The investigators study is a prospective randomized trial of women undergoing the levonorgestrel intrauterine system (LNG-IUS: Mirena©, Bayer) at three separate time periods: immediate post placental (IPP) defined as insertion within 10 min delivery of placenta, early post partum (EP) defined as insertion after 10 min but within 72hrs postpartum, or interval (INT) insertion defined as insertion after 6wks postpartum.
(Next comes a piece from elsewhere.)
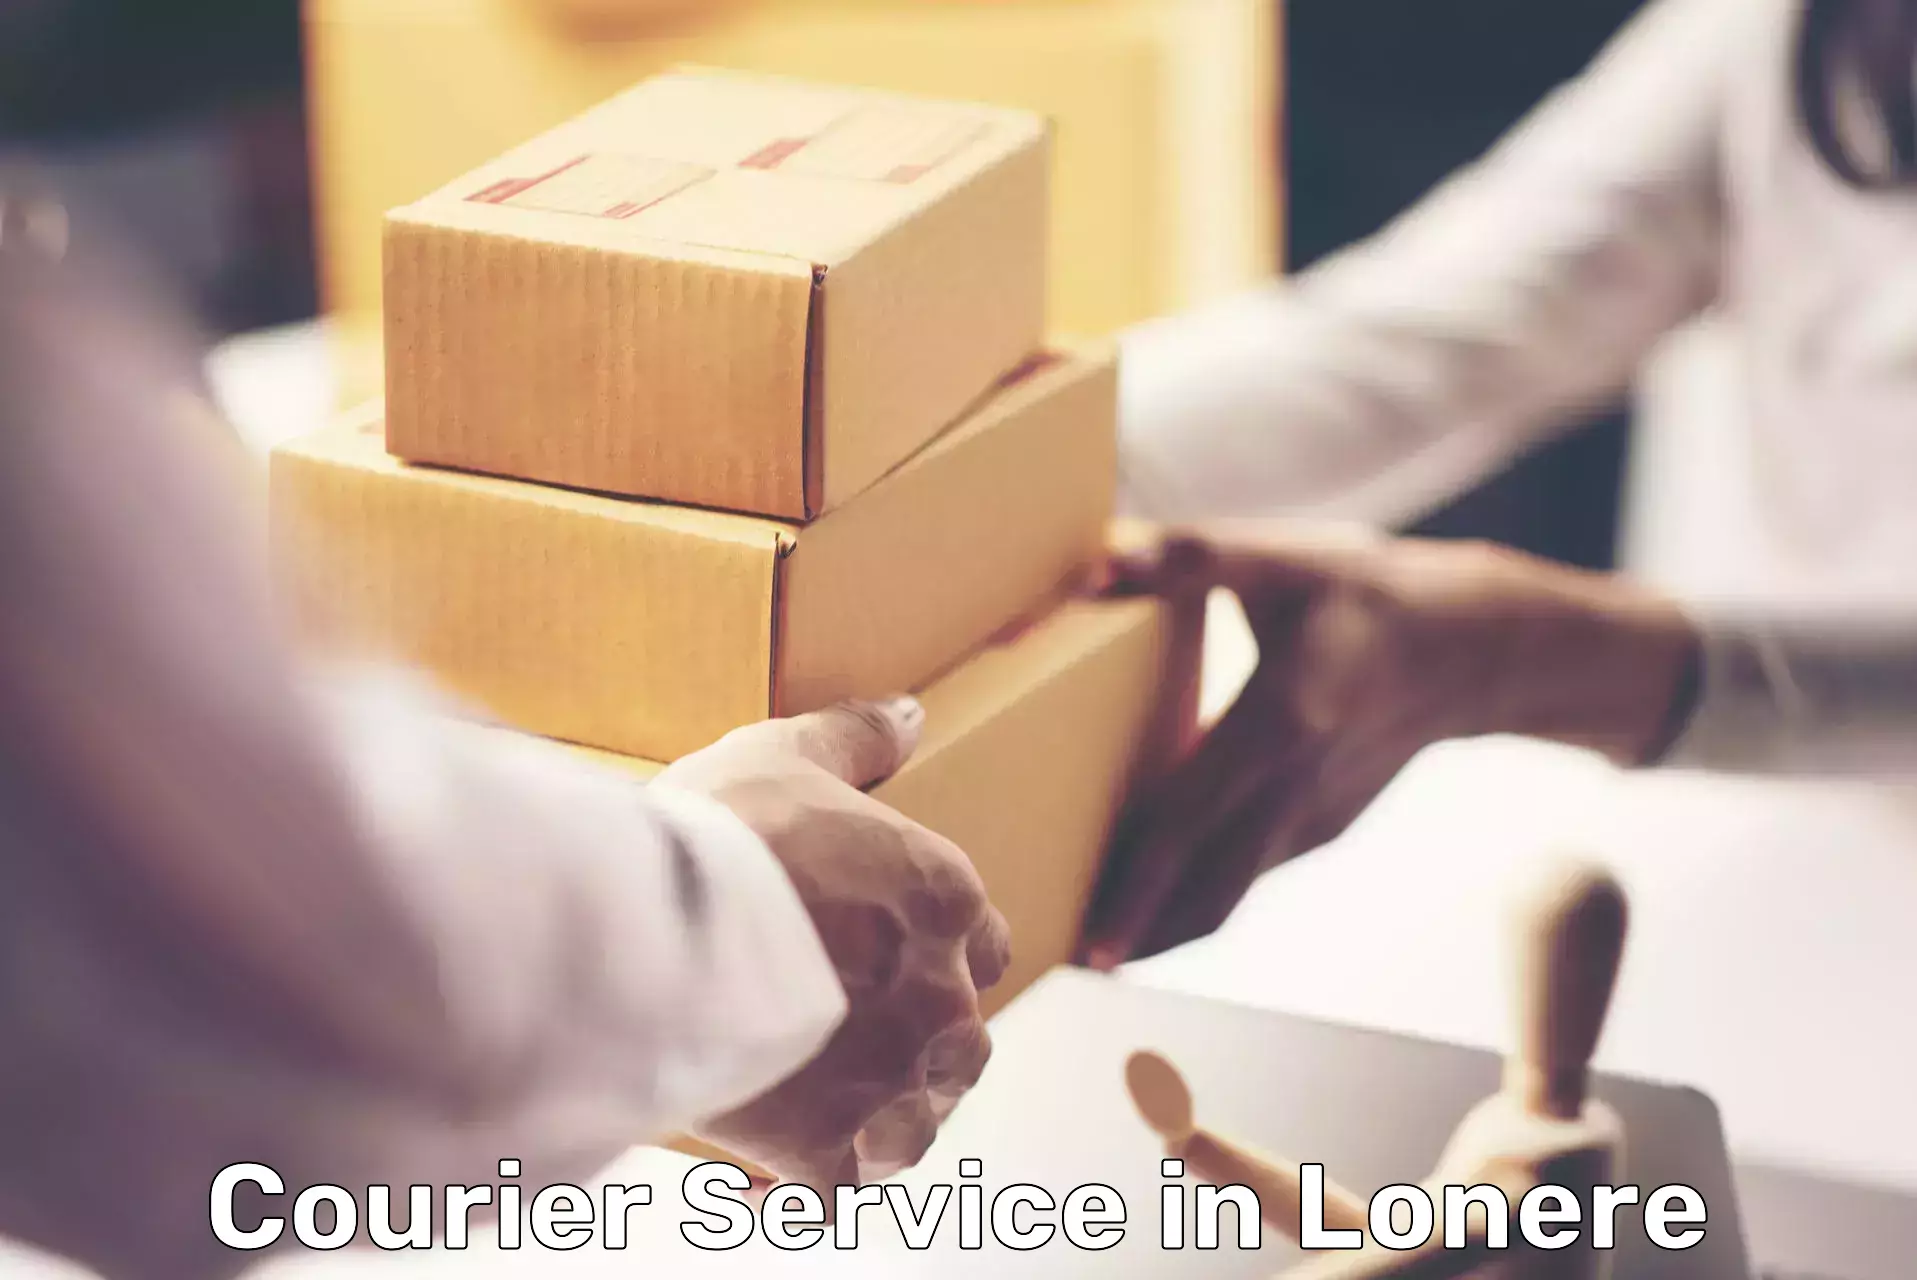 Specialized shipment handling in Lonere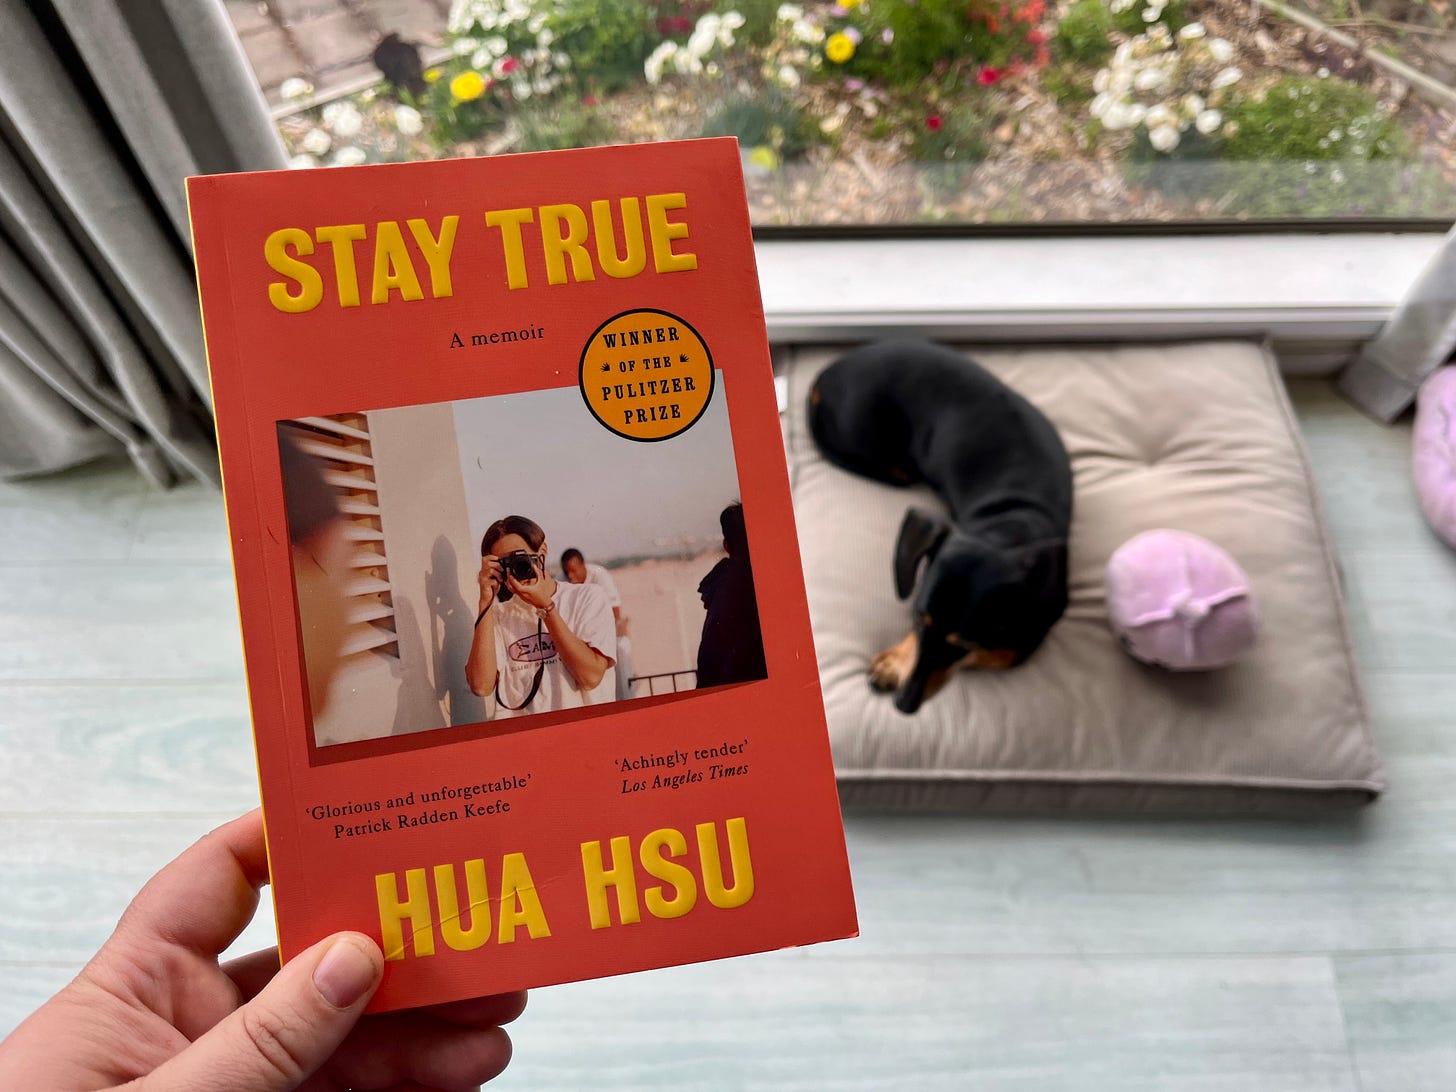 in the foreground a hand holds Hua Hsu's memoir Stay True. In the background a black dachshund sits on a cushion, next to a purple plush dumpling.

This is a pilot study in preparation for a multicenter, prospective randomized study of long-acting reversible contraception in the postpartum period.

Sex

Female

Ages

16 to 45 years old

Volunteers

No Healthy Volunteers

Inclusion criteria

All reproductive age women who express a desire for the LNG-IUS (Mirena©) at routine questioning at their 36-38 week prenatal appointment or upon admission to labor and delivery are eligible for our study.

Exclusion criteria

Contraindications to the LNG-IUS include: Pregnancy or suspicion of pregnancy, Congenital or acquired uterine anomaly including fibroids if they distort the uterine cavity, Postpartum endometritis within the past 3 months, Known or suspected uterine or cervical neoplasia or unresolved, abnormal pap smear, untreated acute cervicitis or vaginitis including bacterial vaginosis or other lower genital tract infections, acute liver disease or liver tumor, hypersensitivity to any component of the product, known or suspected carcinoma of the breast. Any of these conditions would exclude the patient from our study.
Delivery <36 weeks
Intrapartum chorioamnionitis (defined as maternal fever >100.4 and two of the following conditions: Maternal leukocytosis (greater than 15,000 cells/cubic millimeter), Maternal tachycardia (greater than 100 beats/minute), Fetal tachycardia (greater than 160 beats/minute), Uterine tenderness, Foul odor of the amniotic fluid
Postpartum Hemorrhage (defined as >500cc EBL for spontaneous vaginal delivery)
Cesarean delivery if randomized to IPP or EP placement

Trial design

Primary purpose

Treatment

Allocation

Randomized

Interventional model

Parallel Assignment

Masking

None (Open label)

0 participants in 3 patient groups

Immediate Postplacental

Experimental group

Description:

Within 10 minutes from delivery of placenta

Treatment:

Device: Levonorgestrel Intrauterine System (LNG-IUS: Mirena, Bayer)

Early Postpartum

Experimental group

Description:

After 10 minutes from delivery of placenta but within 48hrs from delivery

Treatment:

Device: Levonorgestrel Intrauterine System (LNG-IUS: Mirena, Bayer)

Interval

Experimental group

Description:

After 6 weeks postpartum

Treatment:

Device: Levonorgestrel Intrauterine System (LNG-IUS: Mirena, Bayer)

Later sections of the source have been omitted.